• [Data segment]:
⁂

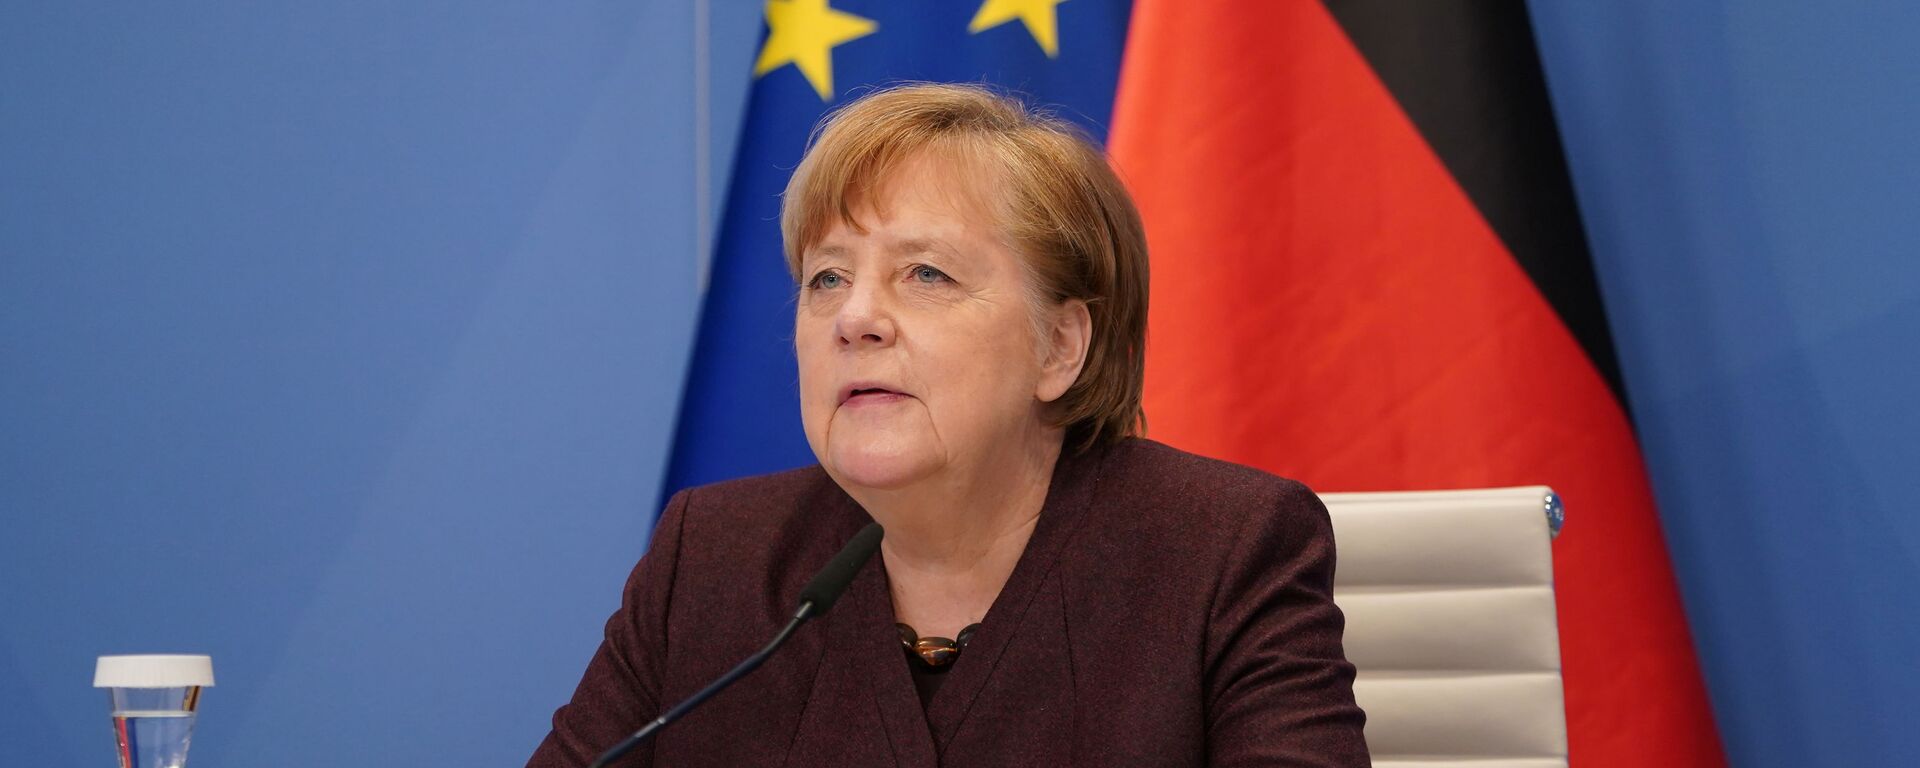 Angela Merkel, canciller alemana - Sputnik Mundo, 1920, 19.03.2021
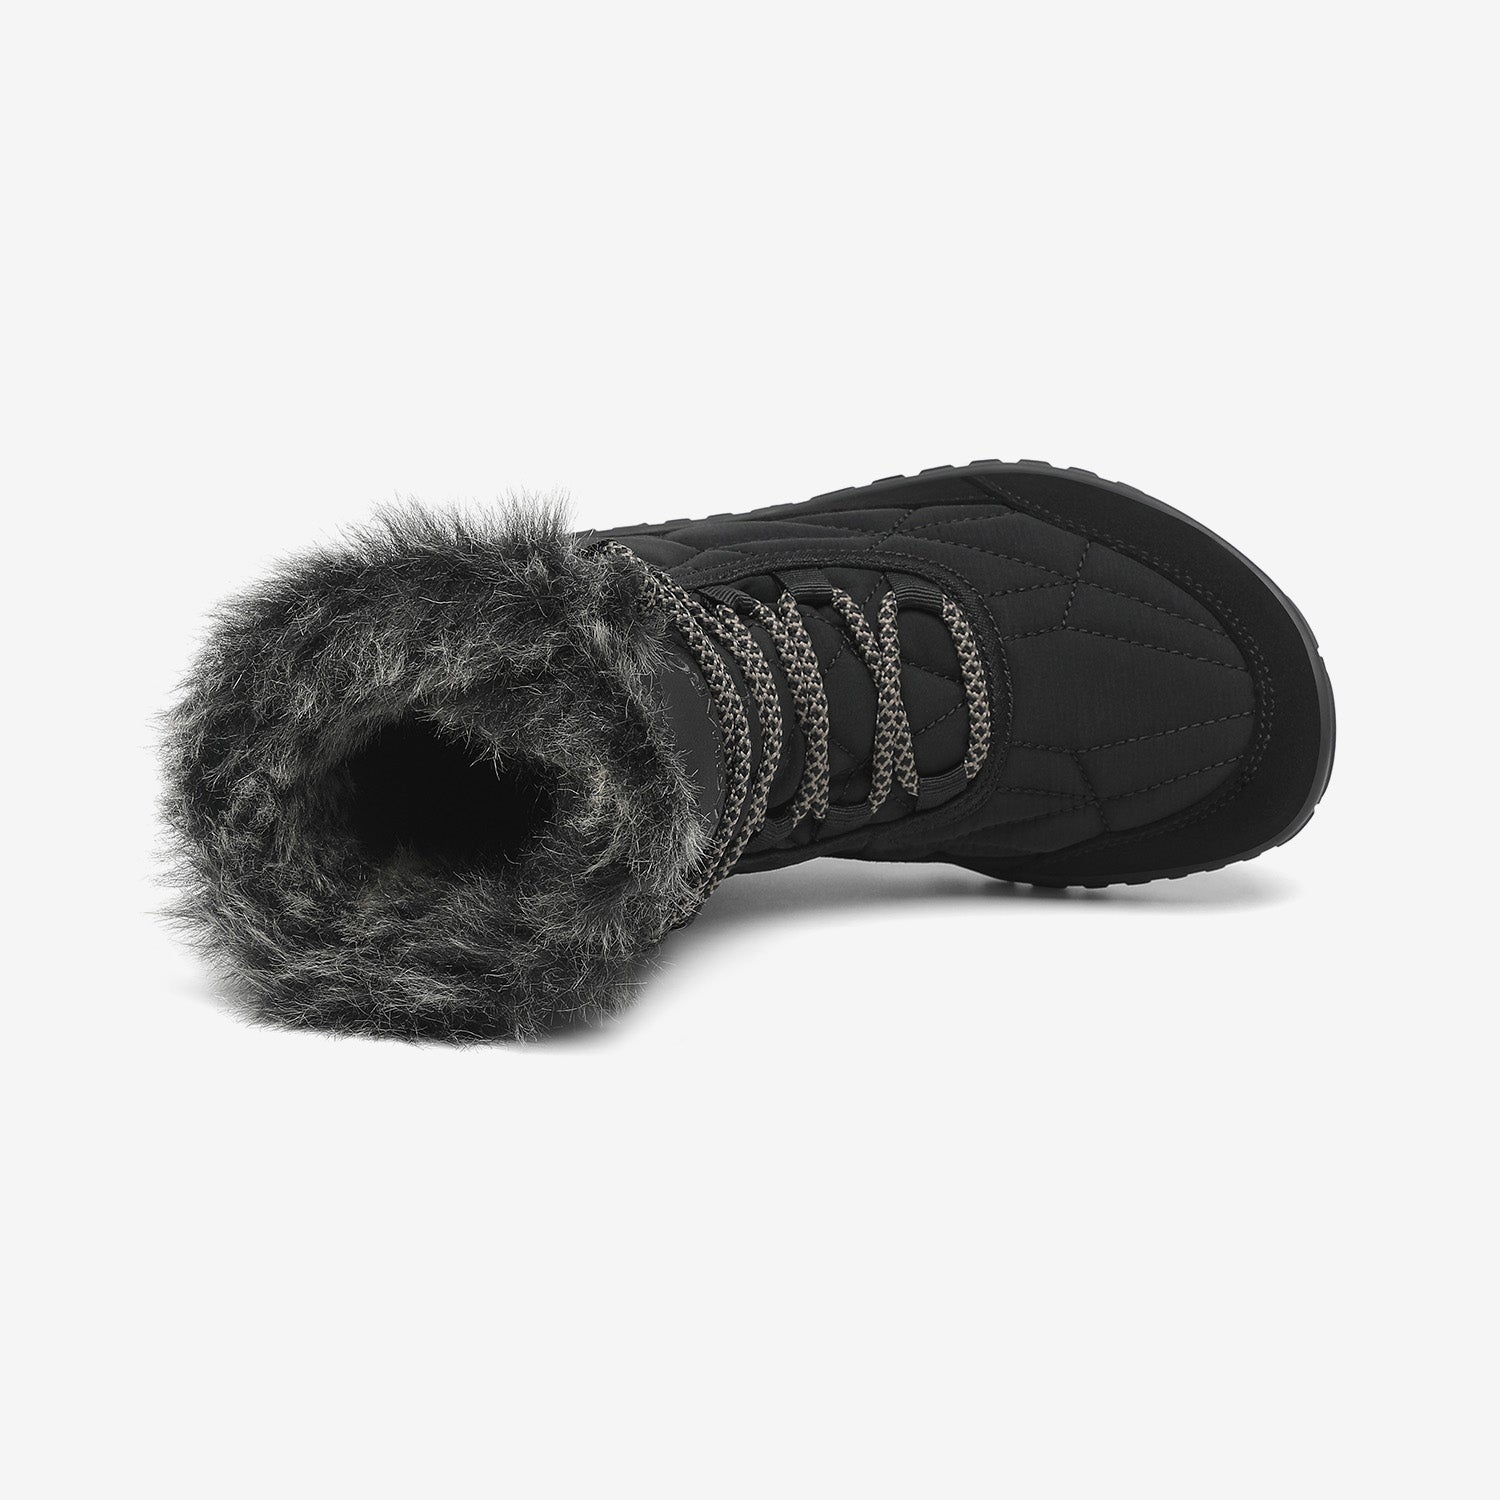 Rise II - Winter Barefoot Boots
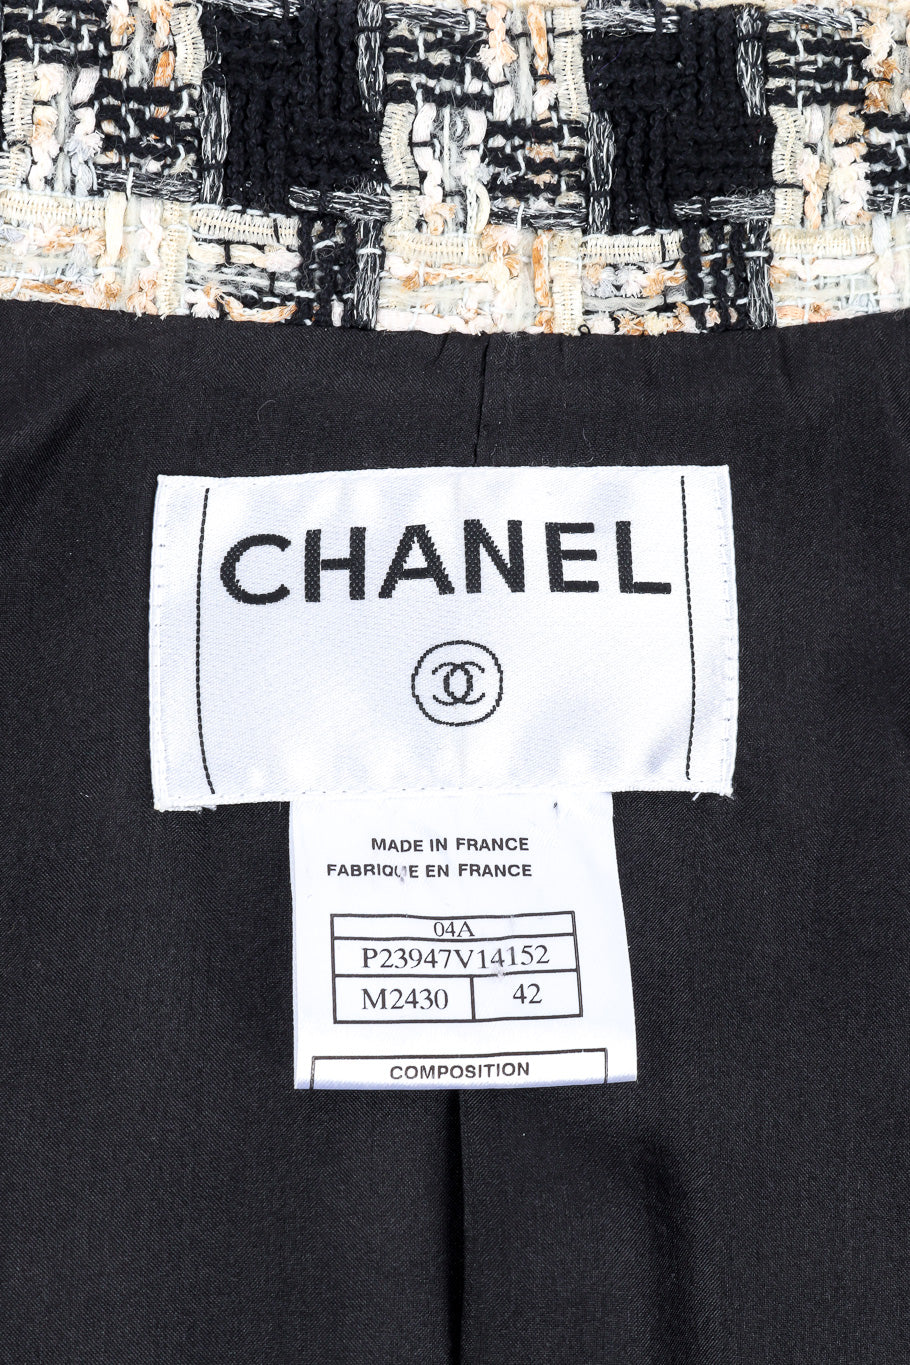 Bouclé check jacket by Chanel label @recessla

⁂

• [Action item]: What the answer needs is every line from the one containing "Rise II - Winter Barefoot Boots" through the final line of the data above, copied exactly, without pictures.

• [Written response]:
 Rise II - Winter Barefoot Boots
 Bouclé check jacket by Chanel label @recessla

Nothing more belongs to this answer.